Contrairement à Steam, les jeux GOG.com ne nécessitent pas un logiciel client pour être achetés et lancés. Mais l’éditeur propose un gestionnaire de téléchargement, totalement optionnel, qui permet d’accélérer lesdits téléchargements, de reprendre ceux qui ont été interrompus ou de recevoir des notifications de mises à jour des jeux. Pour l’avoir essayé en téléchargeant le premier épisode de The Wicher, le système est efficace et permet d’obtenir des gains de vitesse réels.

L’arrivée de GOG.com sur le système d’Apple laisse cependant un goût amer aux utilisateurs de GNU/Linux, dont beaucoup étaient persuadés, ou du moins espéraient, que l’annonce de CD Projekt allait concerner leur plate-forme. En effet, le support de GNU/Linux fait partie des demandes les plus insistantes sur la page de souhaits de GOG.com, bien avant, d’ailleurs, celui de Mac OS. On peut penser que CD Projekt a voulu se montrer pragmatique et privilégier un système d’exploitation ayant plus de parts de marché, et que le support de GNU/Linux interviendra dans un second temps (qu’on espère le plus court possible). La demande, en tout cas, est bien là : il suffit de constater qu’à chaque Humble Indie Bundle, les utilisateurs de GNU/Linux sont systématiquement les plus gros donateurs.
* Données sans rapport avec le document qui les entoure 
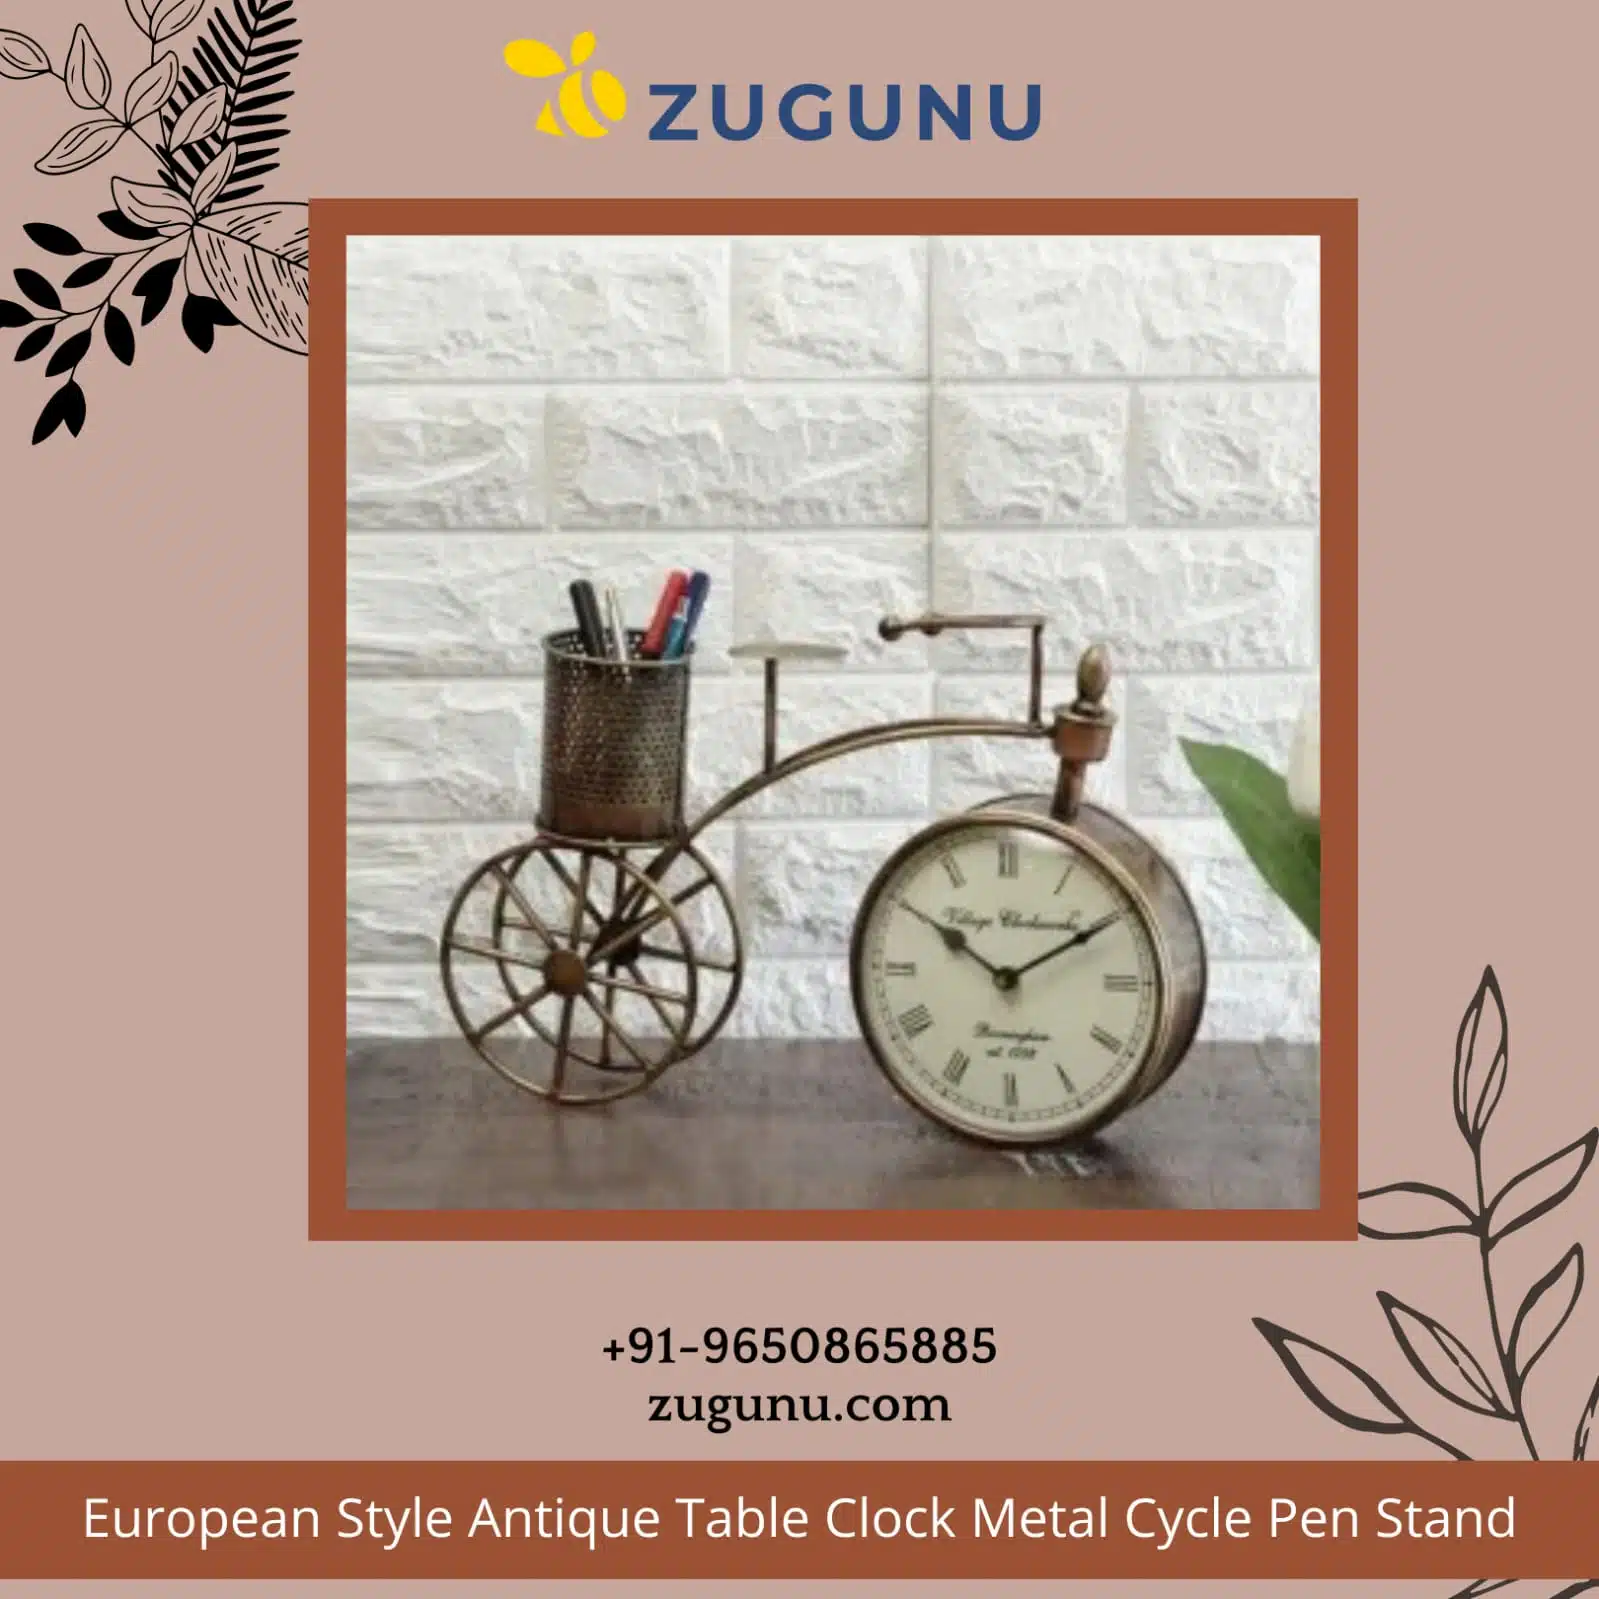 Antique Table Clock Metal Cycle Pen Stand From Zugunu
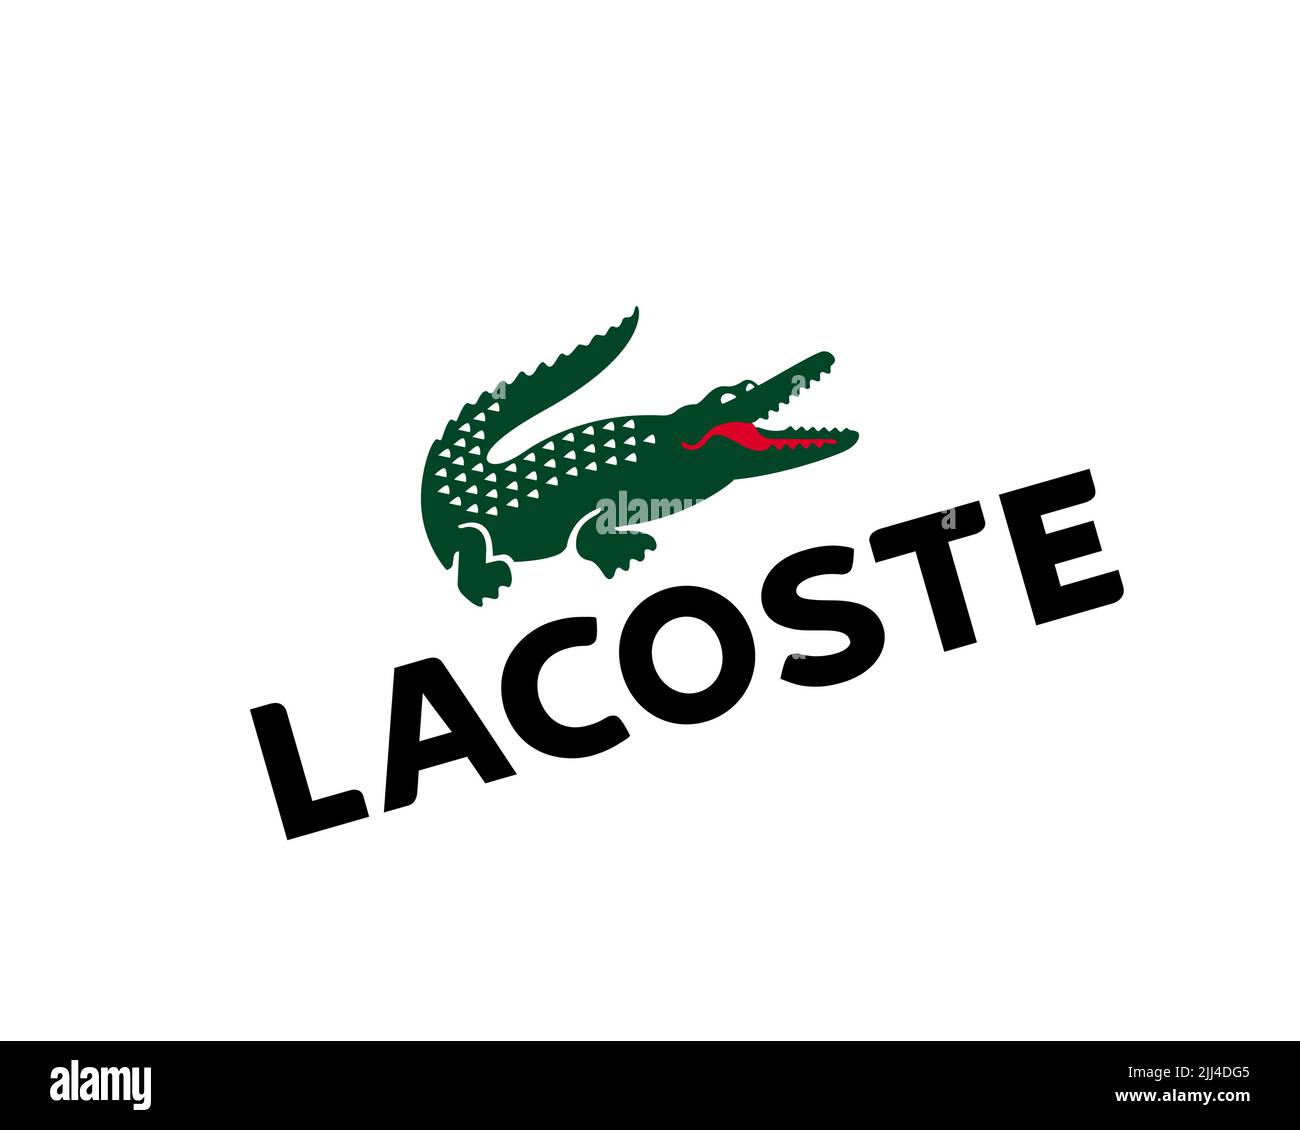 Army Uden tvivl overraskende Company logo lacoste Cut Out Stock Images & Pictures - Alamy

Pour l’heure, il leur faudra donc encore passer par les systèmes d’émulation tels que Wine (ou ses front-ends commen PlayOnLinux) ou ScummVM pour ce qui est des vieux jeux d’aventure. Pour ce qui est du Mac, une partie du catalogue des jeux supportés par ces programmes (auxquels il faut ajouter Boxer) devient de fait obsolète. Ainsi, il n’est plus besoin de passer par PlayOnMac pour faire tourner Fallout. Mais ces logiciels n’en demeurent pas moins indispensables, ne serait-ce que parce qu’ils proposent des titres que GOG.com ne possède pas.